Spiagge in vendita: perché era la madre di tutte le porcate

spiaggia

Articolo di Roberto Della Seta e Francesco Ferrante su Huffington Post

Altro che “porcellum”. La proposta di vendere le nostre spiagge per fare cassa – messa nero su bianco da tutto il Pdl e, ahinoi, anche da alcuni senatori Pd che solo all’ultimo l’hanno ritirata – è davvero la madre di tutte le “porcate”. Si può prenderla a ridere, citando Totò che vendeva la Fontana di Trevi a un turista americano, ma il tema è terribilmente serio perché in gioco ci sono la difesa del paesaggio italiano e il grande tema dei beni comuni irriducibili a merce.

In realtà l’idea di vendere ai privati le spiagge non è nuova, anzi rappresenta uno degli esempi più ricorrenti di questi anni di liberismo italiano “all’amatriciana”. A lanciare per primo il sasso fu nel 2005 l’allora ministro dell’economia Tremonti, che propose testualmente: “Vendiamo tutte le spiagge, e con il ricavato finanziamo strutture utili al turismo del sud, come gli aeroporti a 4 piste”. La sparata di Tremonti riassumeva con impareggiabile chiarezza uno dei chiodi fissi del berlusconismo: l’assalto al territorio, la vocazione a consumare più suolo possibile, a favorire l’abusivismo edilizio e a cancellare ogni regola urbanistica che ha partorito due condoni edilizi generalizzati e innumerevoli piani casa.
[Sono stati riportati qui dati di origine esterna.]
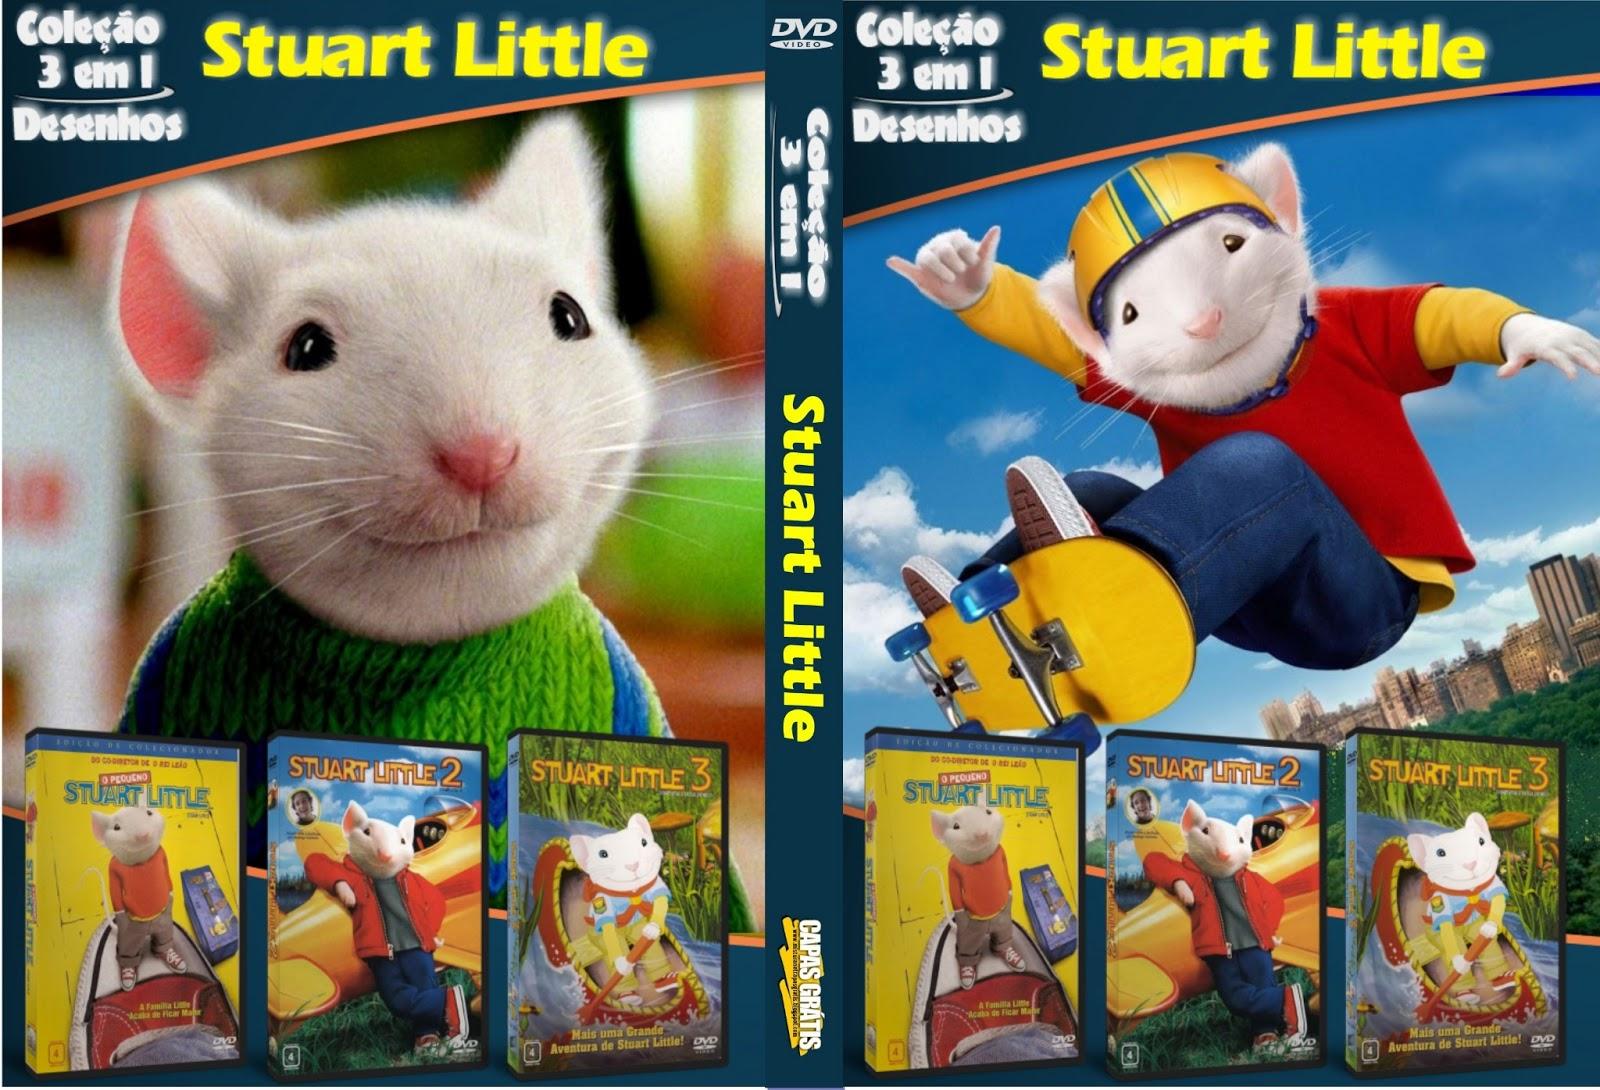 Stuart little 3 bigtits - d6

Provvedimenti naturalmente inutili ad affrontare il dramma, vero e urgente, del disagio abitativo che assilla milioni di italiani, invece utilissimi a premiare i corsari del cemento selvaggio, ecomafie comprese.

La sdemanializzazione e la vendita delle spiagge coronerebbe questa ossessione che ha già causato la manomissione di tanto territorio italiano. Le spiagge verrebbero definitivamente sottratte all’uso e al controllo della collettività, chi le compra potrebbe in santa pace ricoprirle di alberghi, ristoranti, villaggi turistici. Il tutto non servirebbe, in questo caso, a costruire nuovi aeroporti, ma a finanziar l’abolizione definitiva dell’Imu sulla prima casa anche per i più ricchi. Insomma: si venderebbe a pochi un patrimonio che è e deve rimanere di tutti, e così si risparmierebbe anche a quanti hanno redditi di centinaia di migliaia di euro il “fastidio” di pagare qualche spicciolo per la casa dove abitano.

Porcata nella porcata, una proposta analoga come si è detto l’avevano avanzata anche 9 senatori del Pd, fortunatamente smentiti dal segretario Epifani, dal viceministro Fassina, da Zingaretti e Rossi presidenti di Lazio e Toscana. I “magnifici 9” hanno sostenuto che la loro bella idea nasceva dall’esigenza di rimediare a una direttiva europea, la Bolkenstein, che obbliga a mettere a gara ogni 4 anni le concessioni balneari e per questo danneggerebbe le piccole imprese balneari a gestione familiare. Giustificazione francamente ridicola: è come se per protegge un malato grave dagli effetti collaterali di un farmaco salvavita si preferisse finirlo a bastonate.

La speranza è che questa infelice trovata di regalare ai privati le spiagge italiane finisca definitivamente nel nulla. Dopo di che bisognerà mettere in testa ai protagonisti delle attuali fantasmagoriche larghe intese – il Pdl, i “distratti” del Pd – che l’Italia, le sue risorse, le sue bellezze non sono “cosa loro”, che la sopravvivenza del governo Letta non vale l’agonia di ciò che resta del “bel paese”.